Luckily, with everything from work to school switching gears to a virtual new reality, the idea of sharing virtual vows became a possibility. And when their officiant, Mary Brady, said she knew how to use Zoom, it became official. The couple would get married online. They thought about doing a private ceremony, but soon realized their wedding guests needed something more to look forward to than the next news broadcast on TV. So they were invited to share in the couple’s big day, with their families watching from a personal Zoom chat, and the rest of their friends watching on a Facebook Live stream.

The Rockaway couple decided to get married in Breezy Point, in the home of Valentine’s late grandparents, who were married for more than 50 years—a good omen, and where Valentine’s mother, who insisted on being there for the ceremony, now lives. The couple’s witnesses, Jim and Christine Slowey, also lived nearby and were able to sign their marriage license from their backyard.

With the ability to save the date, despite having to postpone the party, the biggest hurdle seemed to be cleared, but a few unexpected ones brought further change of plans, and even some comedic relief. The couple had planned to get married on the deck, but rain forced the ceremony inside, resulting in a quick rearrangement of cellphones and iPads on piled up boxes on the kitchen table to record the live ceremony to share with friends and family.

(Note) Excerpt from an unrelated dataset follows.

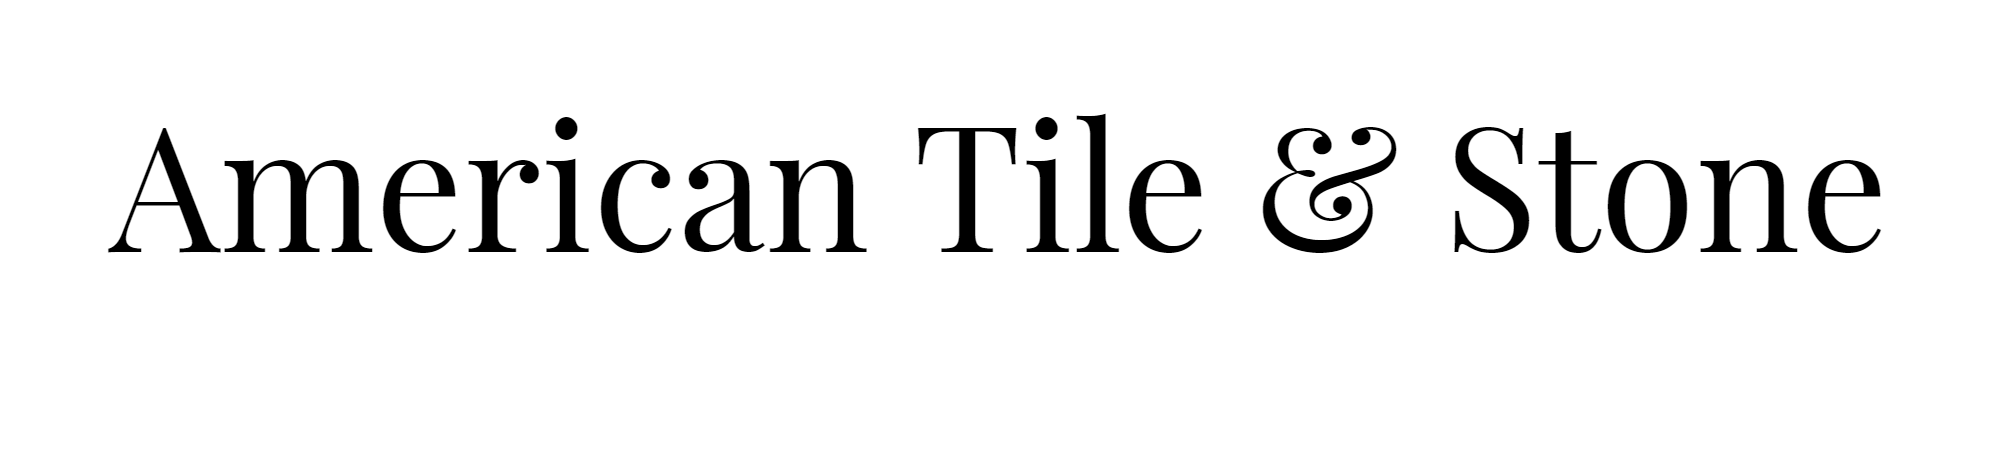 american tile stone

As McGee began reciting his vows, the couple suddenly vanished out of view as Valentine’s mother is heard in the background saying, “The dog did it!” Oliver, a Boston Terrier, and the stand-in best man for the day who was donning his own suit matching Michael’s, got a little more involved when he rubbed into a table leg, attempting to get his formal-wear off, but instead sending the iPad flying.

After a quick reset of the equipment, the vows continued, with the couple smiling through laughs rather than shedding happy tears, the thought of the mishap still fresh in their heads. As a socially distanced photographer captured the moment, they continued by exchanging rings, and upon the happy words of “I now pronounce you husband and wife,” the newlywed McGees shared a kiss.

As many as 900 viewers watched the virtual wedding, as friends and family from town, to as far as McGee’s family in Tennessee and even Ireland, got to witness the nuptials. Some helped the couple celebrate in whatever way they could by sending flowers, bottles of champagne and bottles of Jameson to their home. Meanwhile, friends started their own reception with at-home drinks, and one group even celebrating in a Zoom chat they called, “Table 19.”

“It was overwhelming to see how much everyone cared for us on our day,” the now Mrs. McGee said. As for the newlyweds, they celebrated at home by sharing wedding cake, a bottle of champagne and finishing the series, “The Crown” on Netflix. “Though it was not what we planned, it was everything we wanted,” Mrs. McGee said. “I think it showed that love prevails, no matter the situation.”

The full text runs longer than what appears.